Unfortunately, some cases may result negative to the analysis of PCG-causative known mutations, so that undiscovered mutations in other unidentified genes may be possible (e.g., unknown genes mapped on GLC3B and GLC3C loci). Social and psychological implications of the lack of a responsible gene involve the impossibility to perform genetic tests for the prediction of the disease risk in families with a positive-PCG history. This aspect may appear as a “sword of Damocles” and may affect deeply the couple perspective in matter of family construction.

6. Conclusion

The visual loss is due to interruption/aberration/malformation of the normal functioning of the ocular structures. Early-onset ocular diseases usually have Mendelian inheritance, while common adult-onset disorders are inherited as complex traits. To date, several genetic and molecular studies have provided insights into the biological processes underlying many ophthalmic disorders. In this context, GWAS identified different genetic variants contributing to a number of common ocular complex disorders.

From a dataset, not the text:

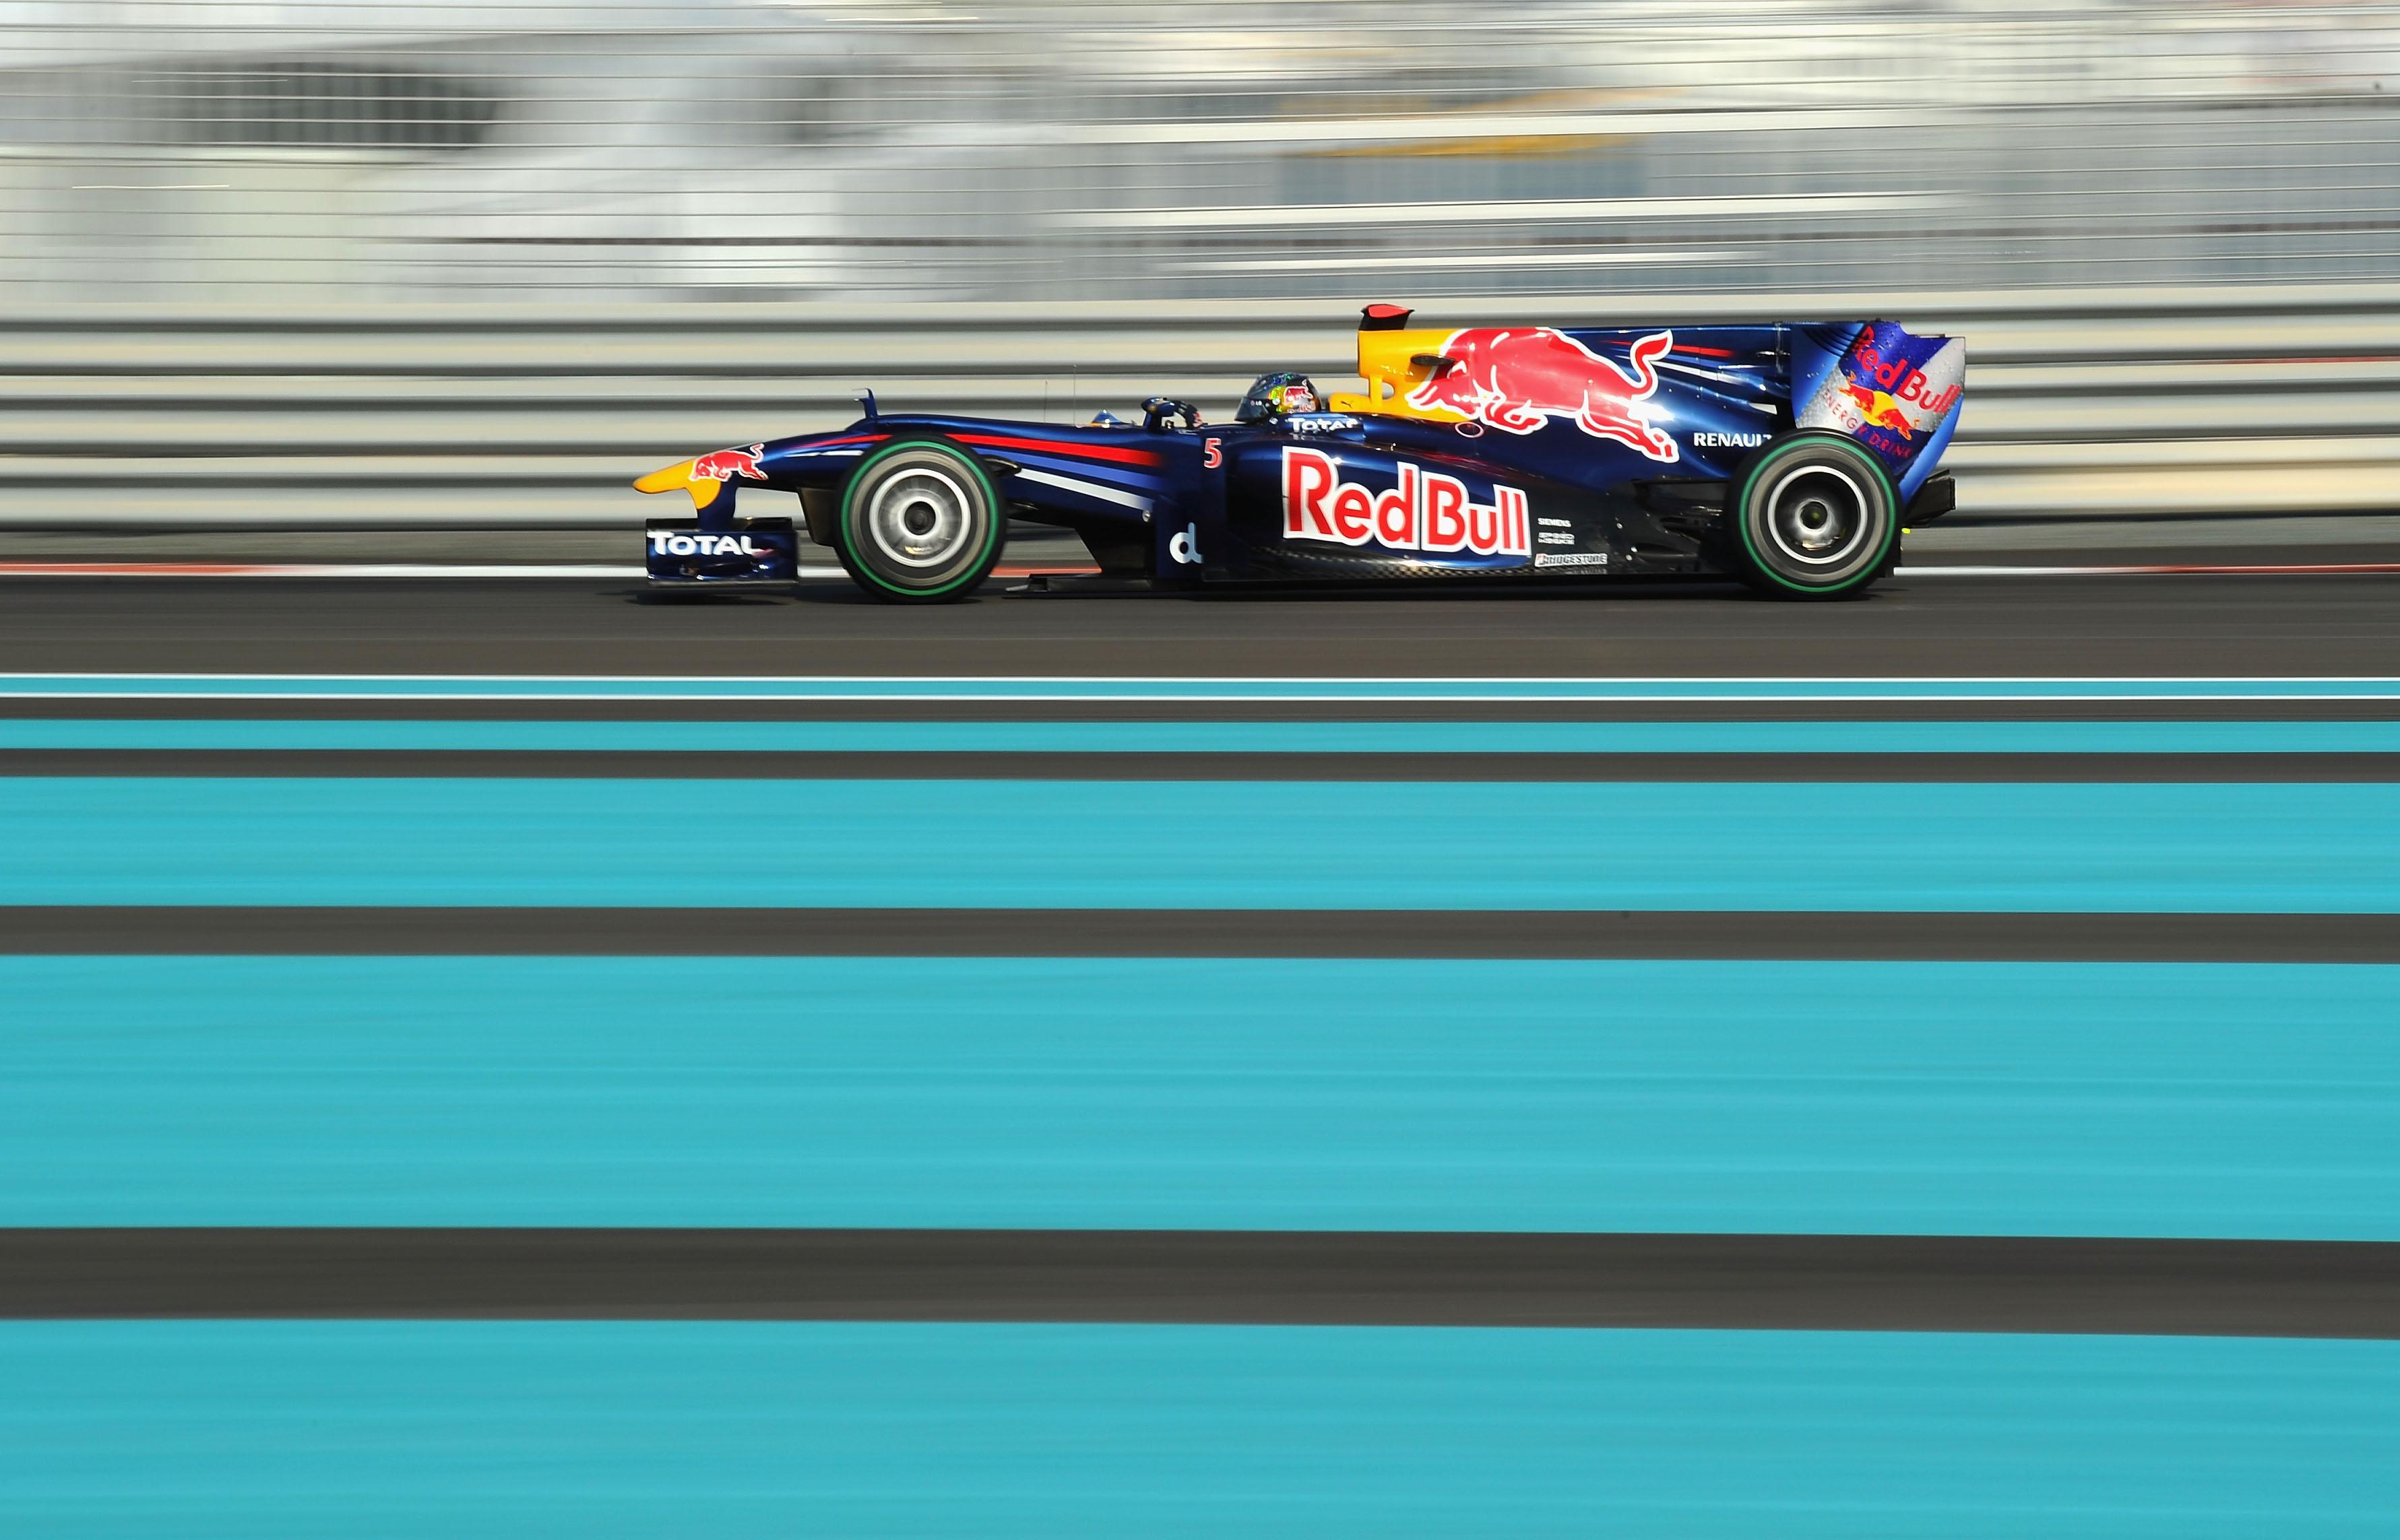 Formula 1: Vettel crowned youngest ever F1 Champion in Etihad Abu Dhabi Grand Prix showdown

Glaucoma is a heterogeneous group of disorders causing irreversible blindness worldwide. As previously described, most forms of Glaucoma present a significant genetic component, characterized by the different causative or susceptibility genes identified through traditional (genetic linkage) or novel (GWAS) approaches. Among the different forms of Glaucoma, we focused our attention on the PCG, that is, the single most common childhood Glaucoma.

PCG is a rare disease affecting the structures of the anterior chamber of the eye anterior segment. Although rare, it is still the most common Glaucoma in infancy and causes a disproportionately high percentage of childhood blindness worldwide. It displays a strong heterogeneity in terms of disease phenotype and genotype. Genetically speaking, PCG presents a familiarity trend, with higher frequency in populations where consanguineous relationships are common (Saudi Arabia and Slovakia Gypsy populations). To date, several mutations in CYP1B1, LTBP2, and MYOC have been associated with the development of the disease, although the expressivity phenotype and the penetrance are variable. Given these data, pre- and posttest genetic counseling has an essential role for an adequate management of PCG, in terms of medical, social, and psychological impact of the disease.

It is important to remark that the eye has been at the forefront of translational gene therapy largely because of the availability of appropriate disease targets and its suitable anatomic features. These advantages have further fostered the research that culminated in the establishment of various clinical trials for the gene therapy of ocular diseases. In this perspective the identification of modifier genes should be encouraged as well as the analysis of the interaction between genes and environmental factors. The challenge for the future is to classify patients in relation to their genetic background, in order to provide personal treatment and management.

Conflict of Interests

The authors declare that there is no conflict of interests regarding the publication of this paper.